Another pivotal moment from Monday’s inauguration came when Elon Musk drew criticism in America and Europe for a gesture some said mirrored a Nazi salute during his speech at the Capital One Arena.
“This for me is fascism, purest fascism,” Ralph Trost, a German historical researcher and educator who teaches European History in the 19th and 20th centuries at Kasteel Well, said in reaction to the gesture. “Fascists are sitting in the government of the United States.”
Trost expressed sympathy and sadness for Americans and said he told students after election day to remember that America belongs to the people, not Trump.
Many students shared that the opportunity to experience European culture while abroad gave them insight into how different countries handle their politics and made some sympathetic to the idea of emigration for political reasons.
Emily Champagne, a sophomore journalism major, said she found the Dutch to be very forgiving and optimistic compared to a “culture of negativity” in America. “I hope that [Americans] take a trip out to the Netherlands [so they can] get some perspective on how to be more positive, especially when thinking about politics,” she added.

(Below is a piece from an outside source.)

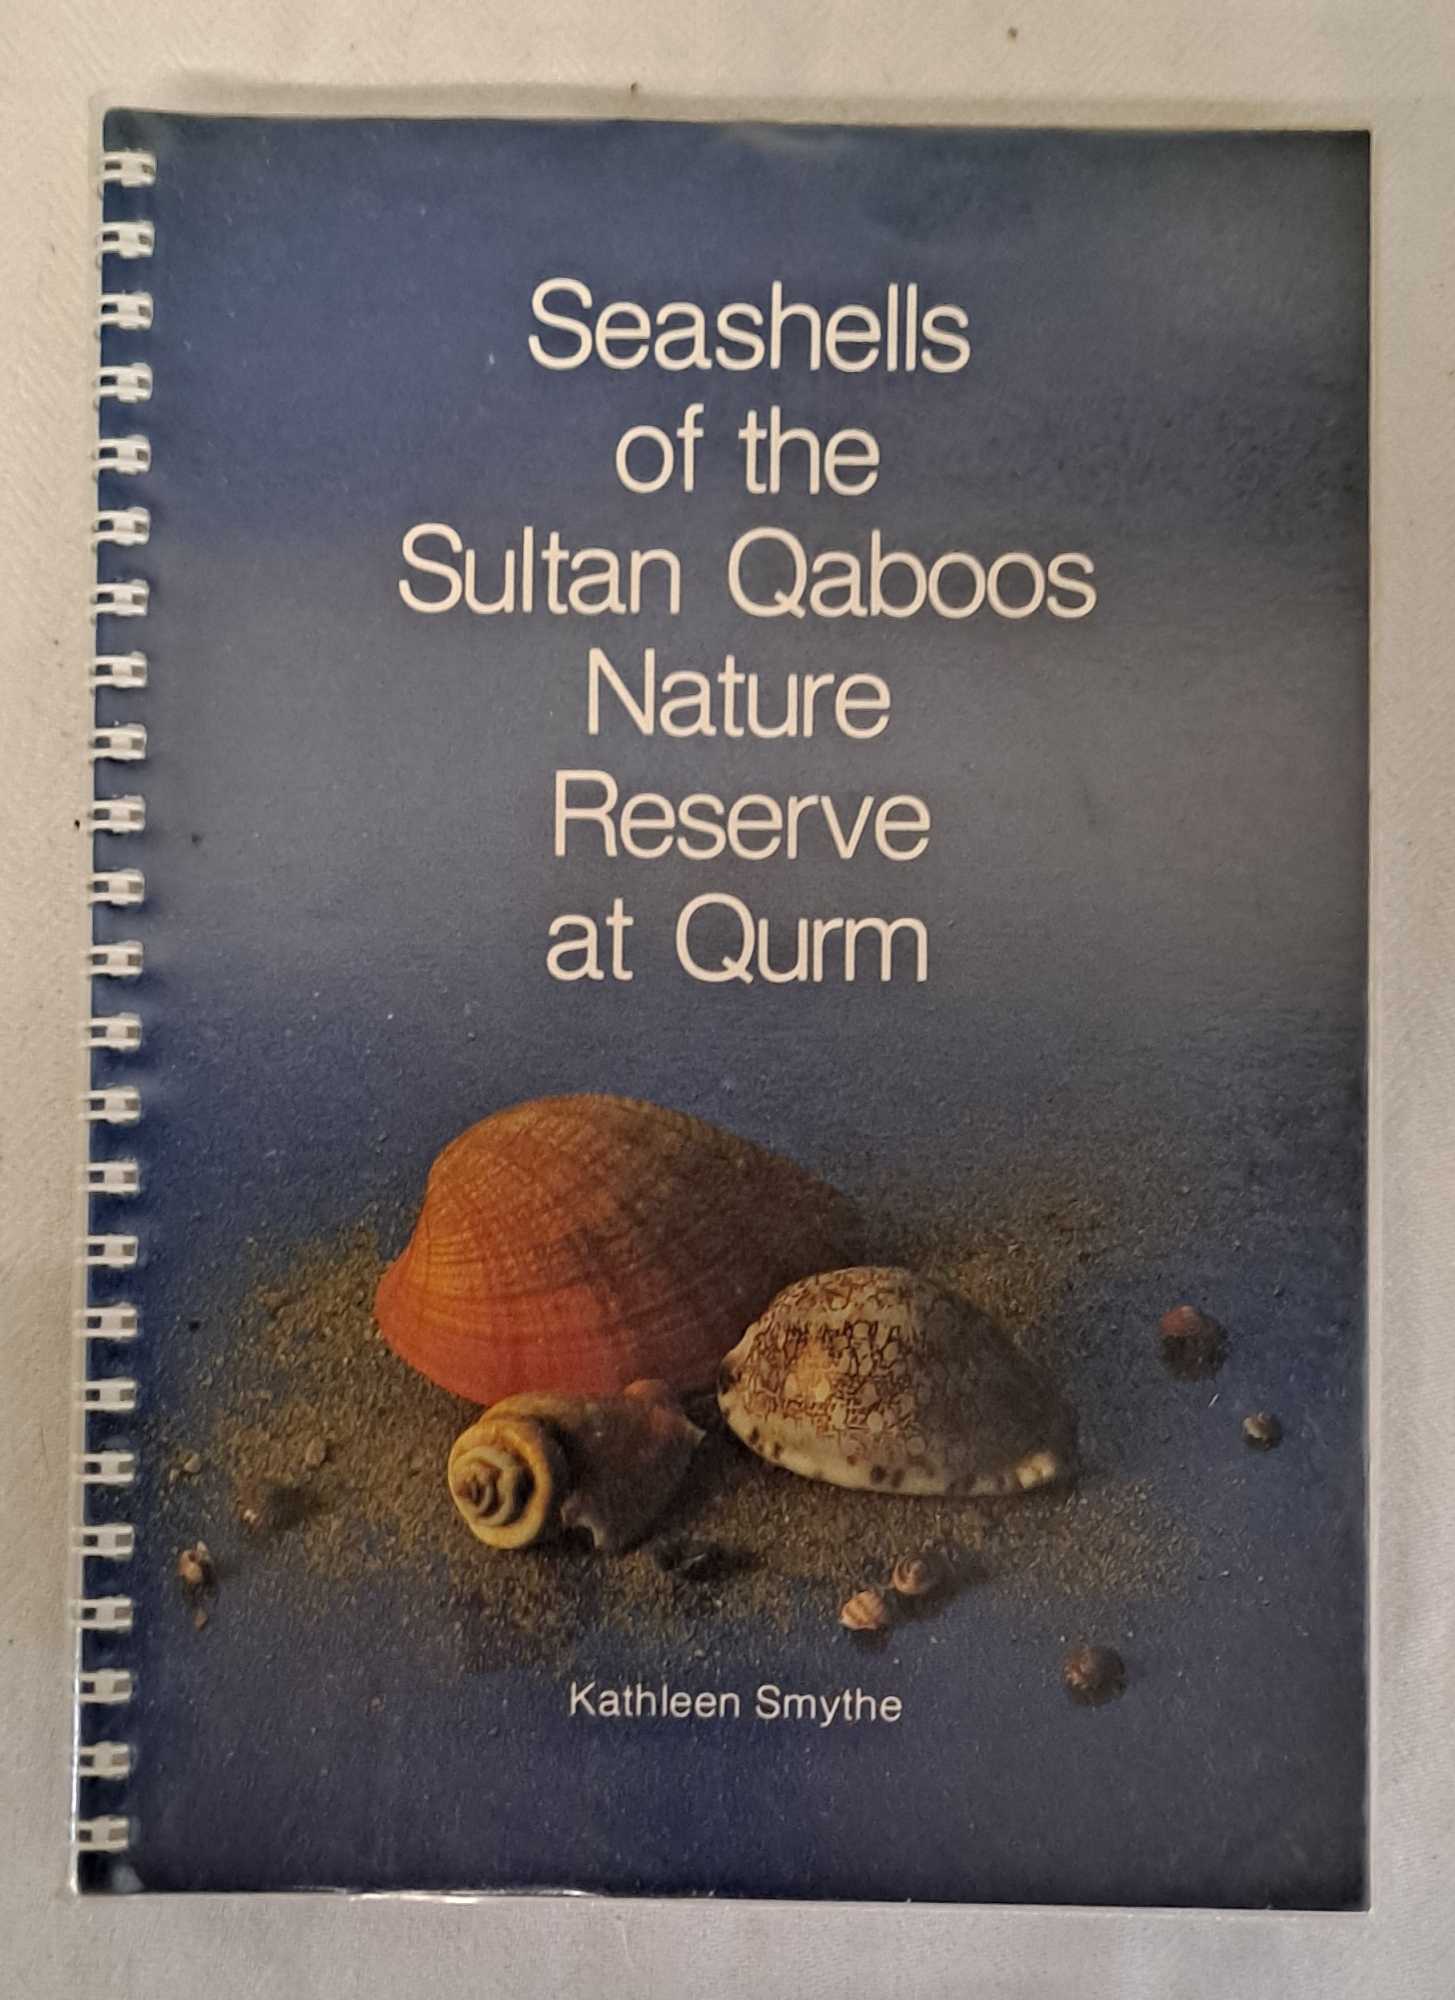 Kathleen Smythe - Seashells of the Sultan Qaboos Nature Reserve at Qurm

Munsat said she respects those who chose to emigrate, sharing she has a friend who moved to France over concerns that the Trump administration could nullify his and other established same-sex marriages.

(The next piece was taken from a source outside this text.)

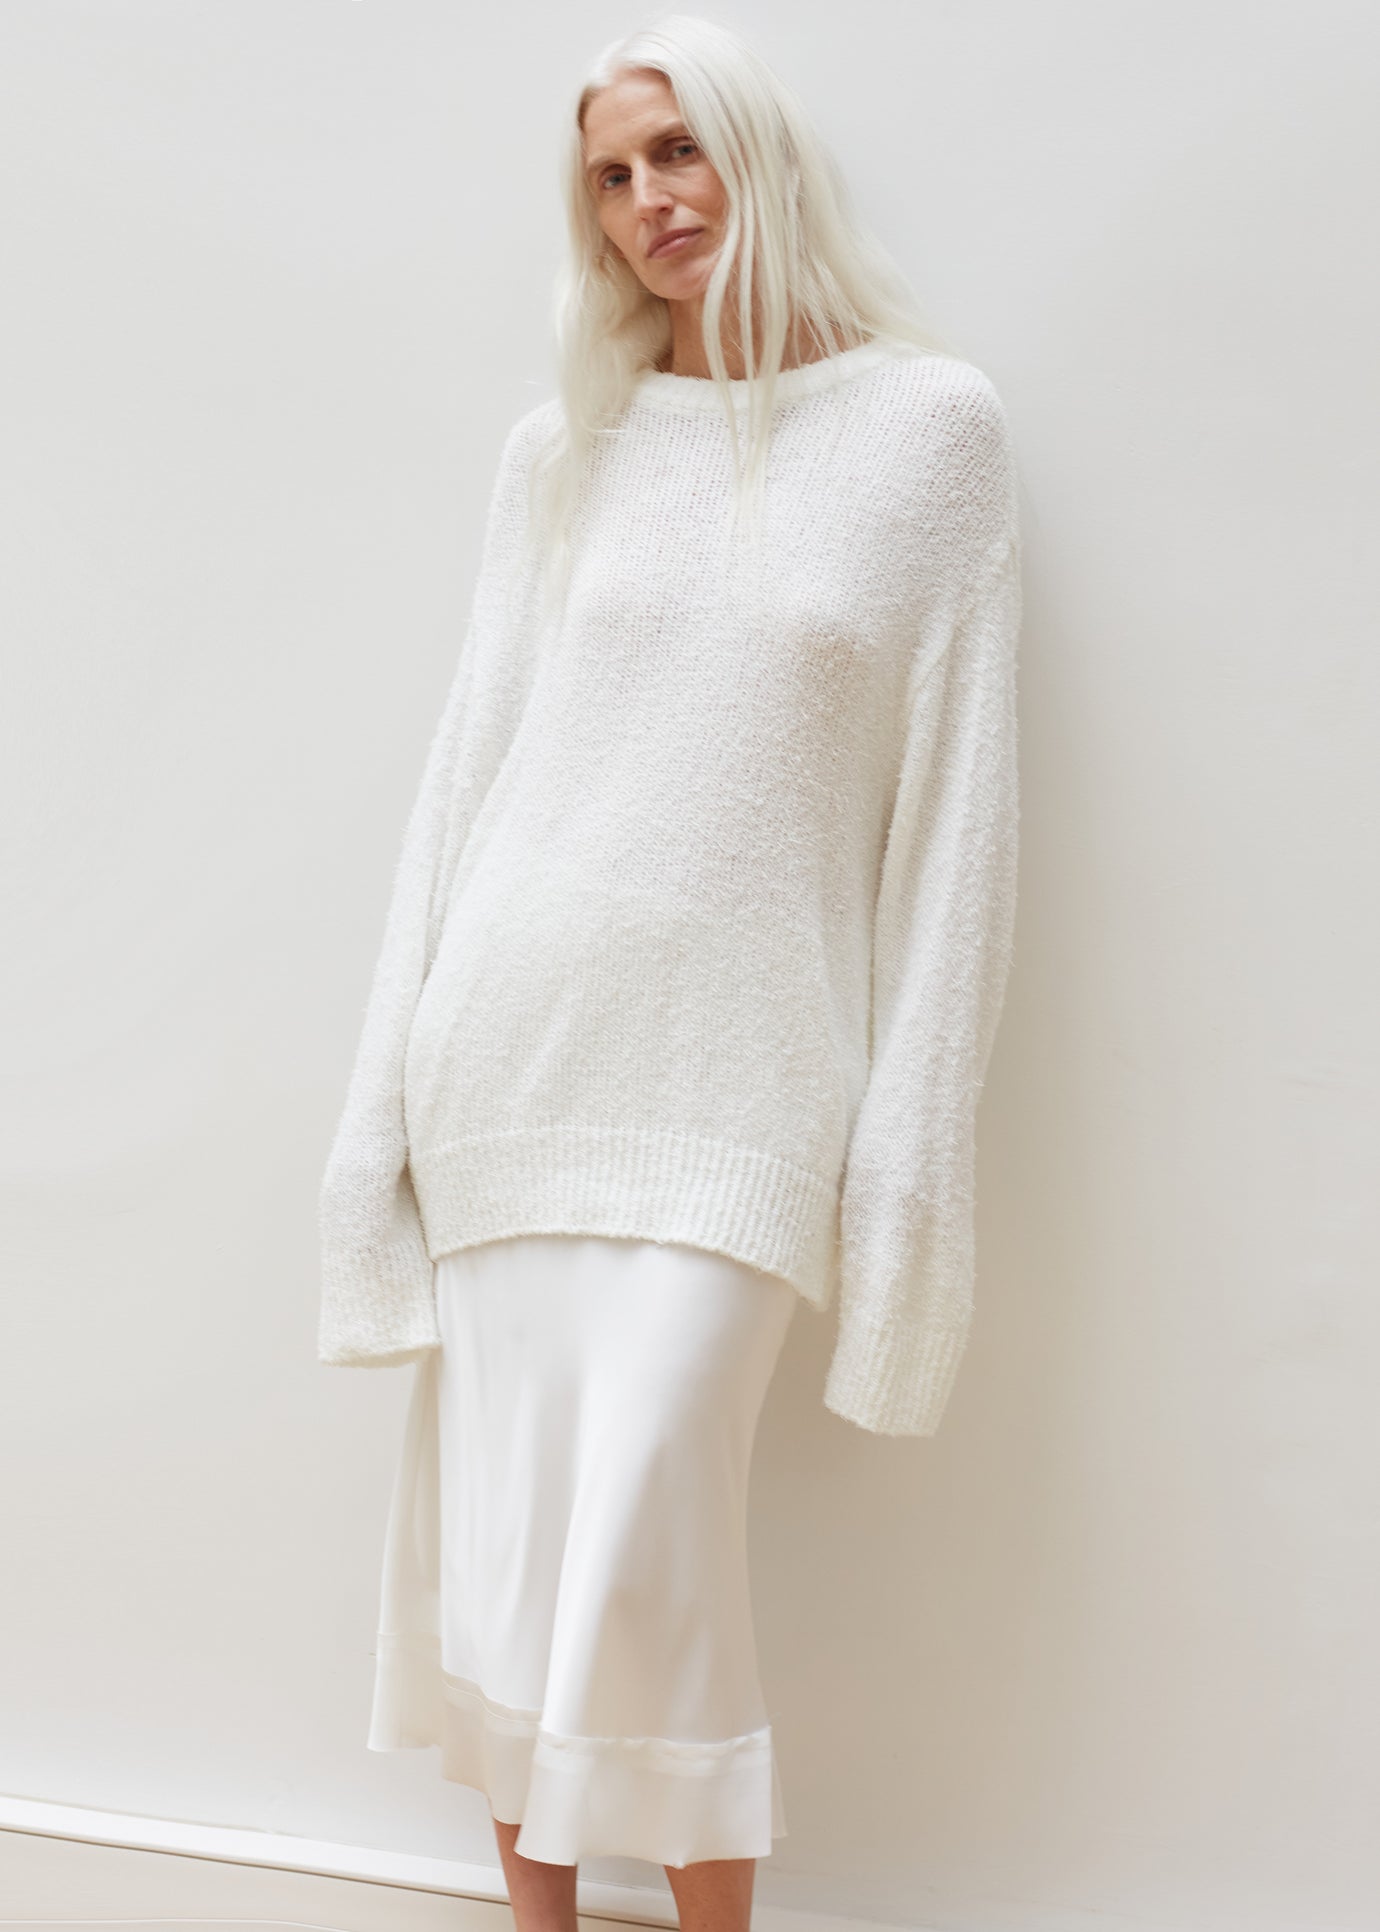 Ahine Sweater - White - 1

“[In Europe there] is a higher quality life in terms of health care and … some human rights,” Munsat said.
Trost cited the size and importance of the European Union as reason for not adopting a fatalist mindset about Trump taking office. He added that he sees America not changing its government since its founding as a cause of many of its issues.
“That means don’t leave the country—change the system [to] make it much more democratic,” Trost said.

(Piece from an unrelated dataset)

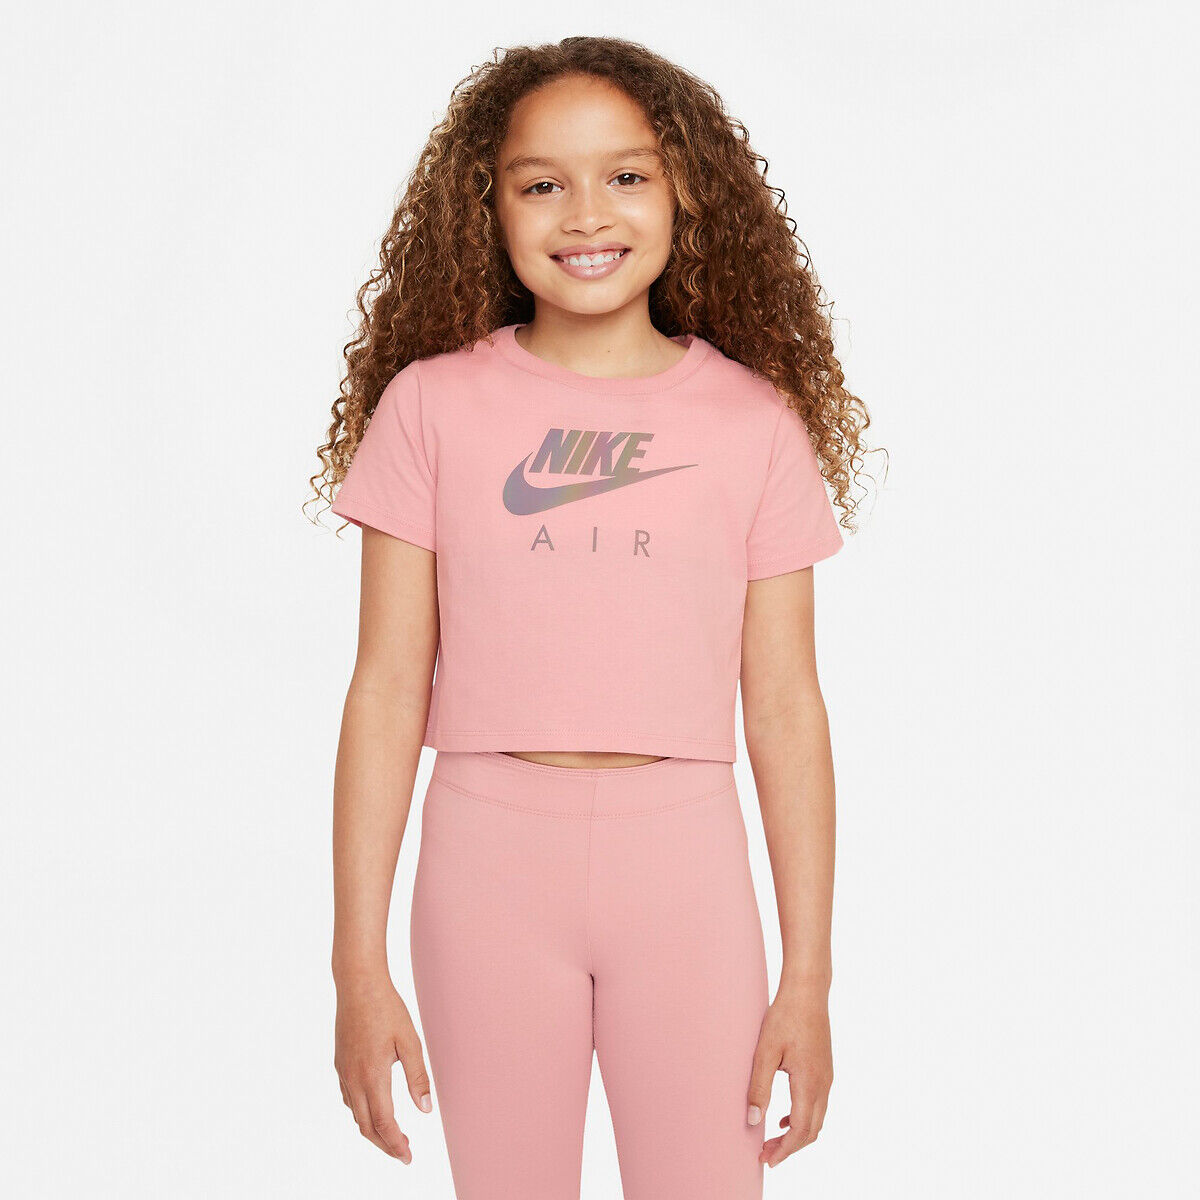 NIKE T-Shirt Nike Air in Cropped-Länge, 7-15 Jahre SCHWARZ;ROSA

Lacy said that European and American politics are much more similar than either of them think.
Geert Wilders, who Lacy called “the shadow prime minister of the Netherlands,” and his Party for Freedom, now the largest political party in the Dutch House of Representatives, are famous for their anti-Islam rhetoric and far-right populism which have drawn comparisons to MAGA and Trump.
Lacy said that Trump’s anti-immigration sentiments and promises of mass deportations “is absolutely terrifying,” though “he’s not the only one … [it’s] a pattern all across Europe that I think has never been [any] less vitriolic than it has been in the U.S.”
He added that the vision of Europe as a utopia of welfare states no longer holds up to modern realities. For him, the rise of “downright fascists” and “Nazis” embodied by far-right politicians in Europe and America are a consequence of left-wing liberals leaving “the field open.”
“People are voting for these people out of desperation because I think they think the game is rigged,” Lacy said, “and the more decent [people], the ones interested in human rights … they did not deliver.”
Across the spectrum of students, faculty, and programs, many expressed reasons for optimism and remaining level-headed when thinking about the next four years.
“Realistically, we just have to move forward, think about how we’re living our lives, and not let one single person affect the way we think about things,” Champagne said.